When it rains, she pours … Thoughts on The Woman in the House Across the Street from the Girl in the Window

(image courtesy IMP Awards)

What a wild ride is The Woman in the House Across the Street from the Girl in the Window!

An eight-episode series that sports the kind of title that would make Fiona Apple green with titular envy, The Woman in the House … is the brainchild of Rachel Ramras & Hugh Davidson & Larry Dorf, all of whom seem to have a rare and rich parodic appreciation of the claustrophobic mystery psychological thriller genre that has given us films like Rear Window, The Bone Collector and 2021’s The Woman in the Window.

Even more than this, they have the talent to somehow magically mix together comedy and searing drama to compellingly watchable effect, offering up a show that manages to be both an amusing parody and a vivid exploration of the way of grief to warp and twist reality as we know it.

It’s quite an achievement since a tip in either direction would have still likely produced a great show but robbed The Woman in the House … of much of what makes it startlingly unique.

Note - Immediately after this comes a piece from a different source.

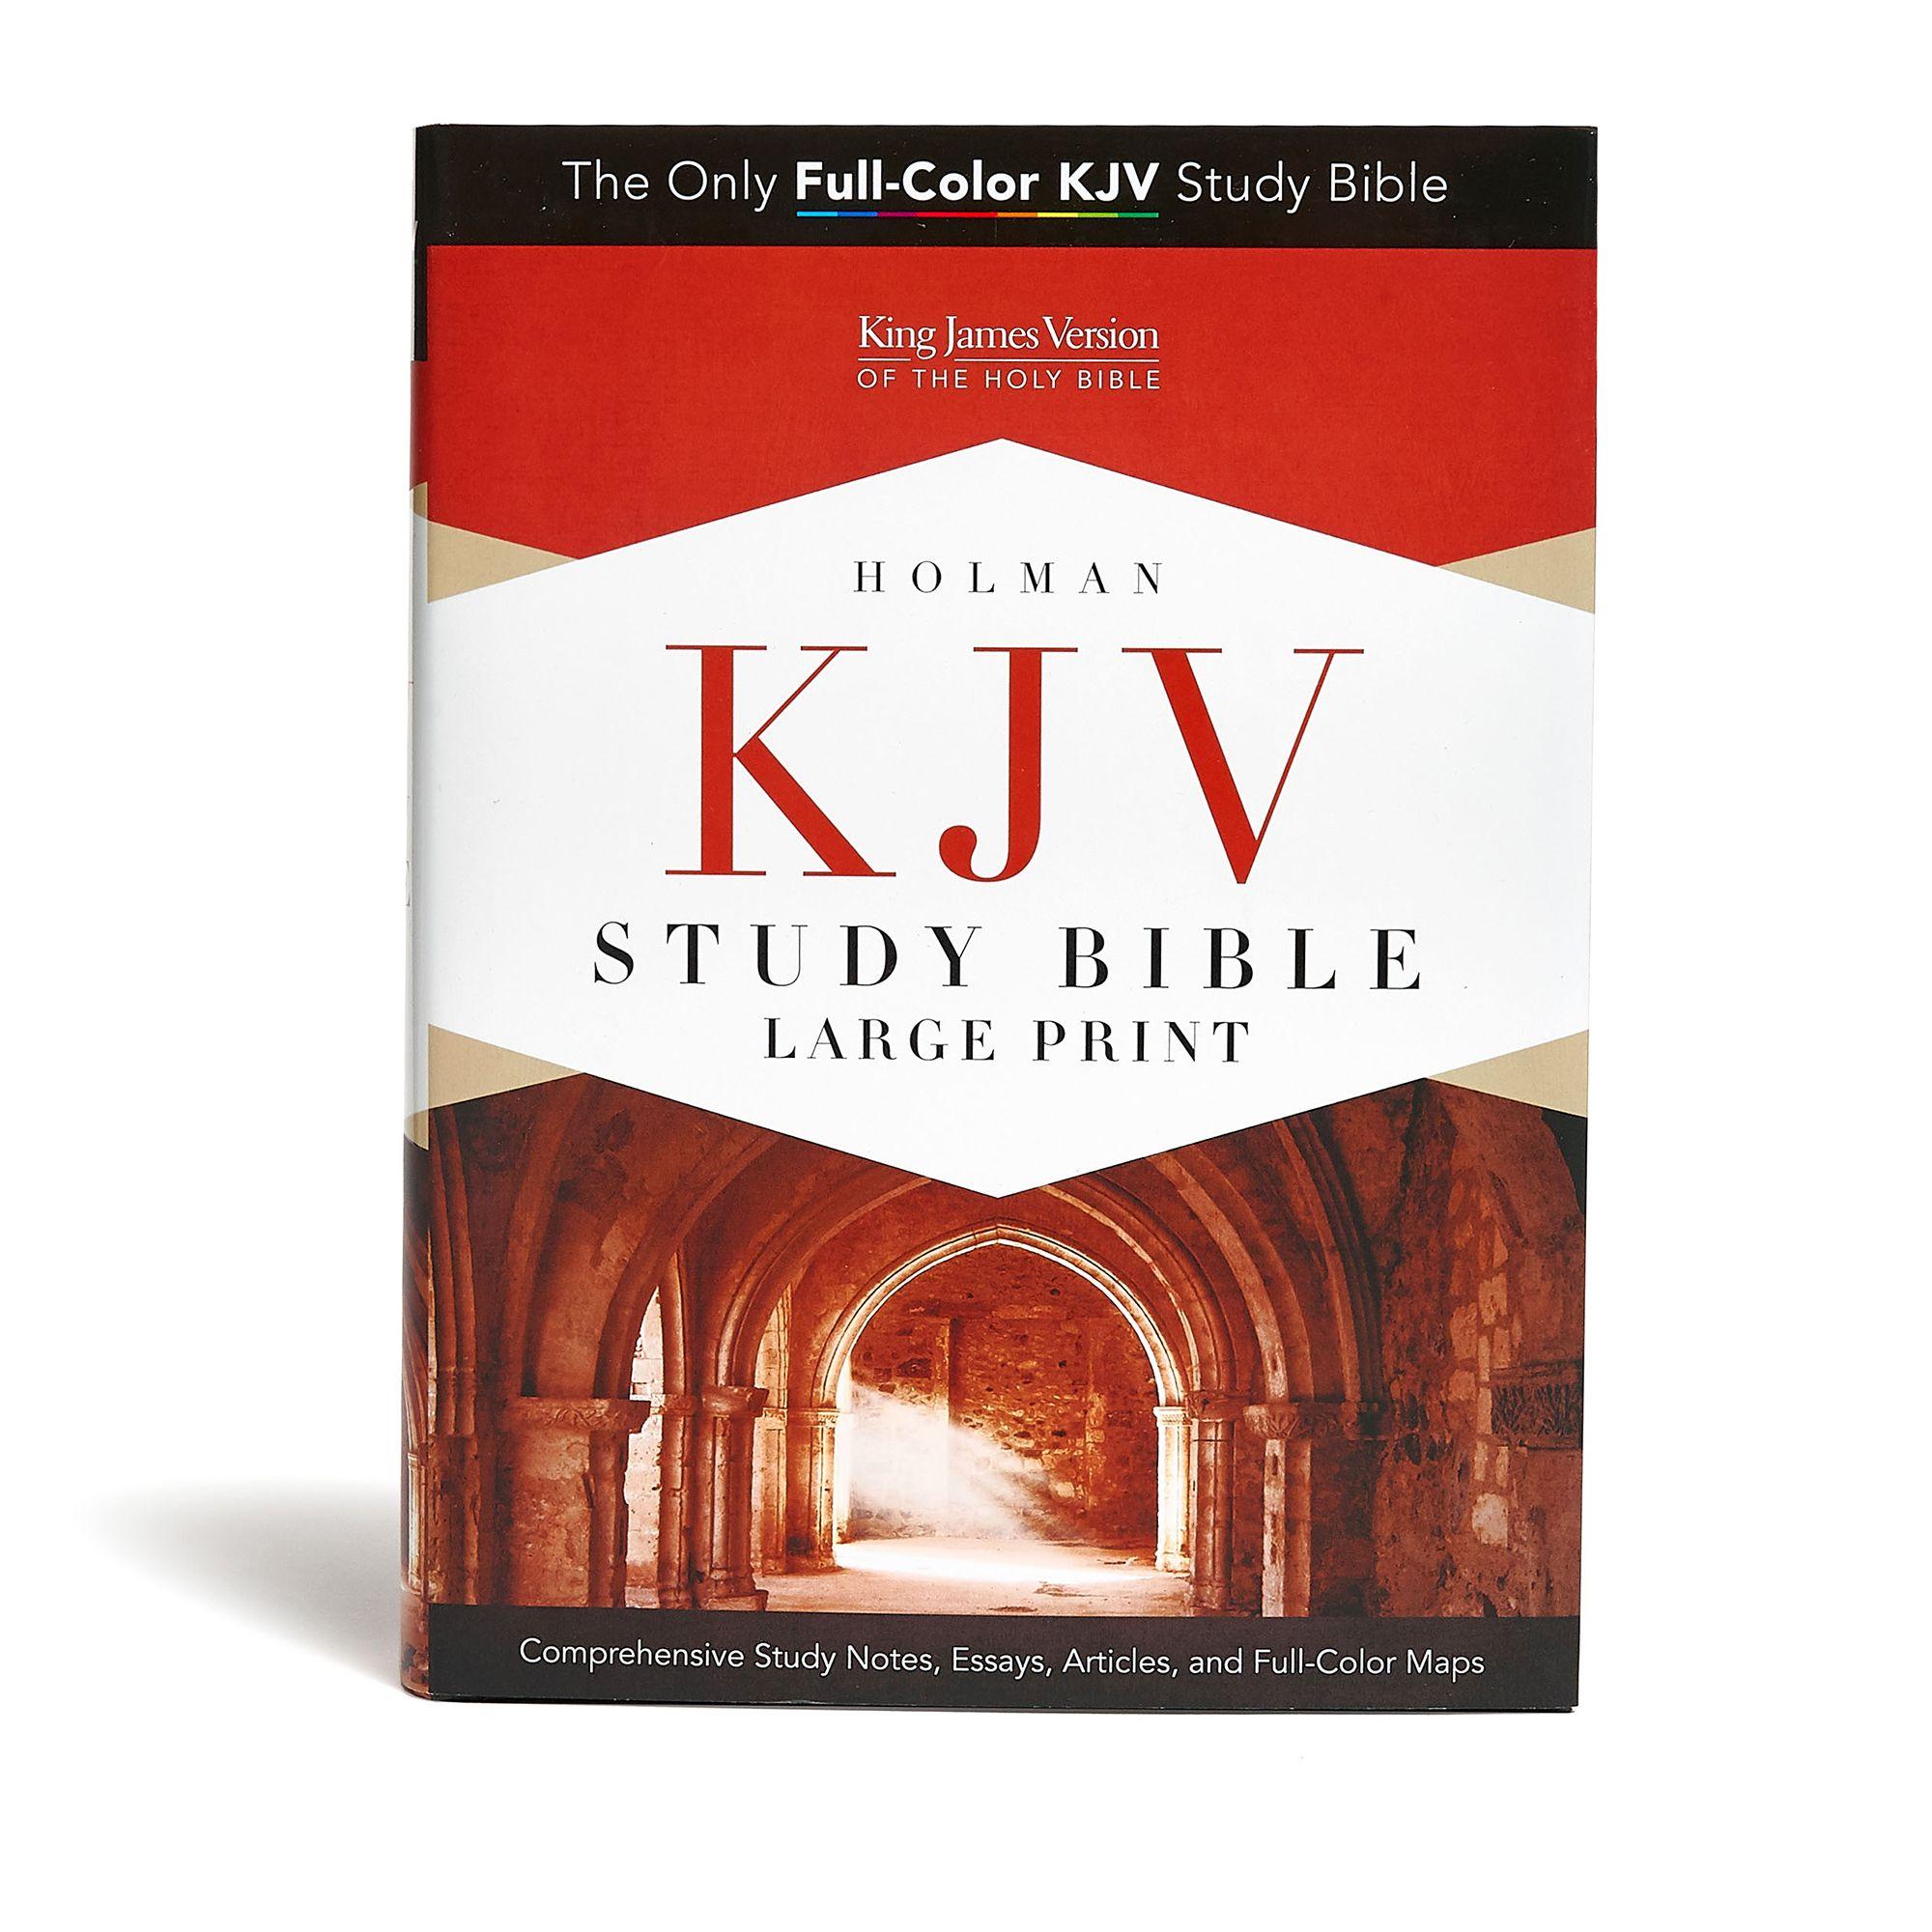 KJV Study Bible Large Print Edition, Hardcover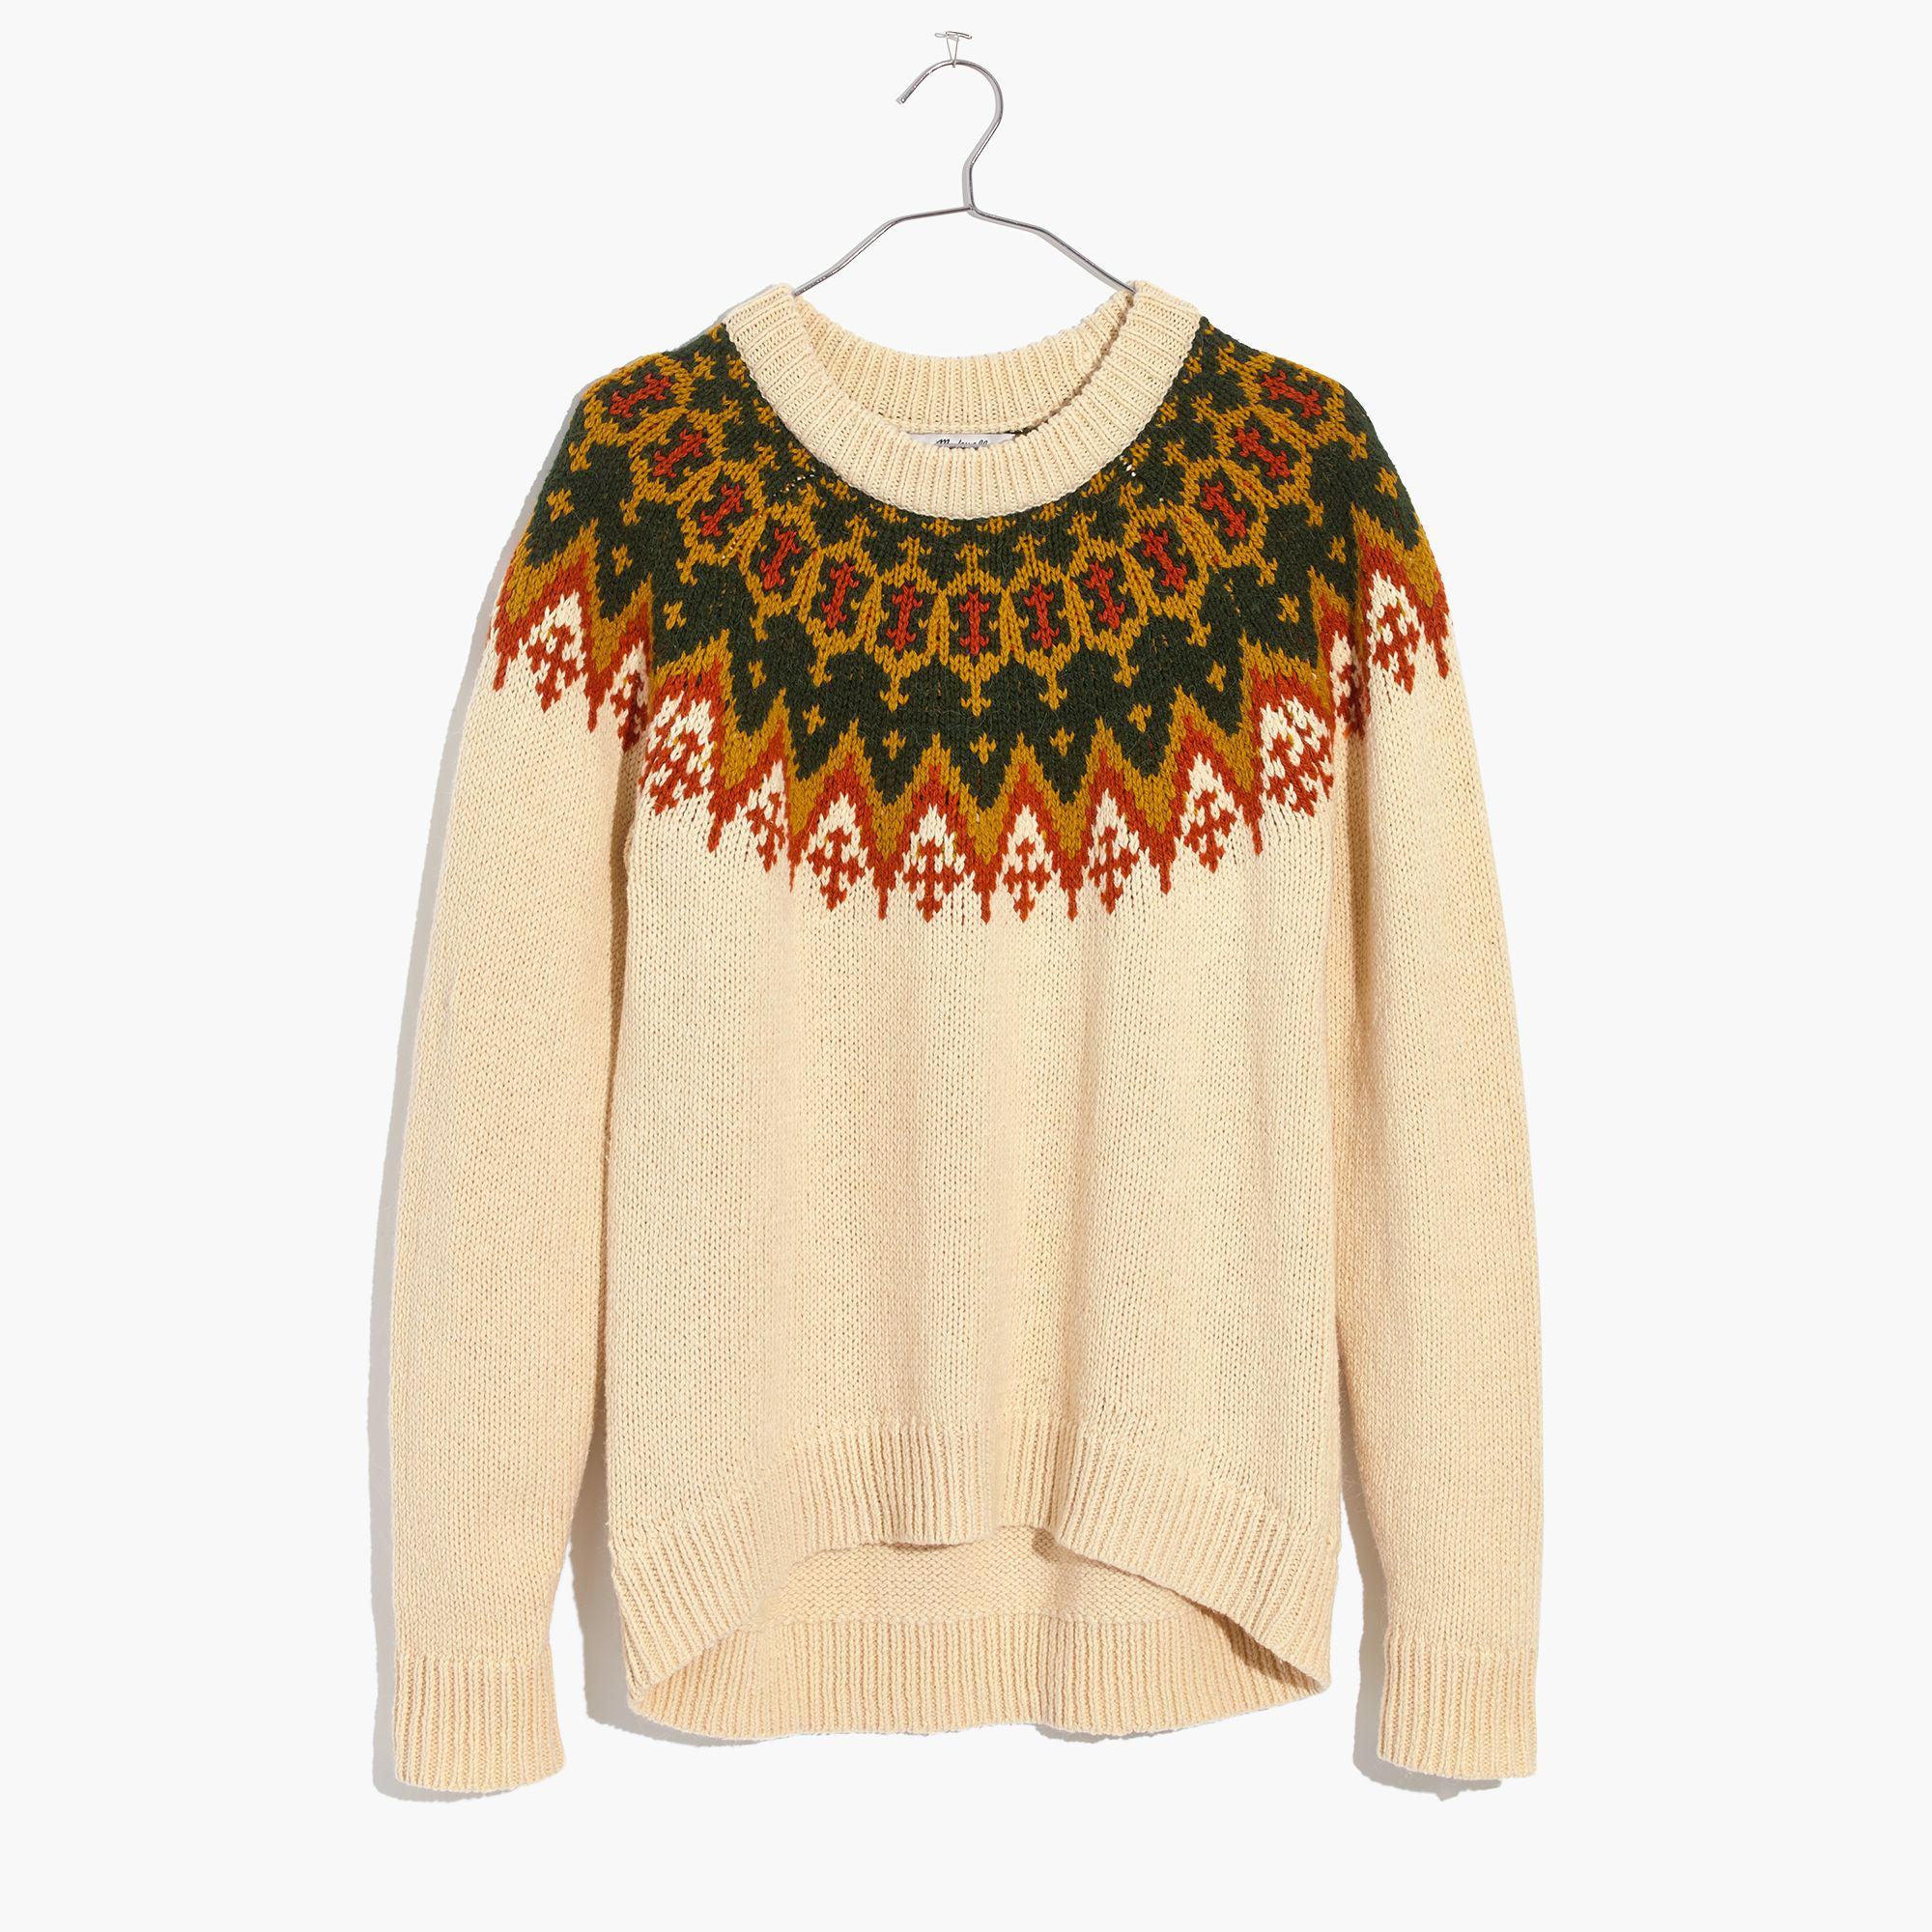 Madewell Fair Isle Pullover Sweater | Lyst

Played with admirable restraint and a tremendous amount of raw vulnerability by Kristen Bell, painter Anna sits at the heart of the show’s many twists and turns, a woman so trapped in a web of soul-enervating grief that she barely puts brush to canvas anymore, spending her days instead looking out the window of the title at the house across the street, her days filled with copious amounts of red wine – she has a glass than can *just* takes a whole bottle of red – and psychotropic drugs as she tries and fails manifestly to come to grips with the death of her then-eight-year-old daughter some three years earlier.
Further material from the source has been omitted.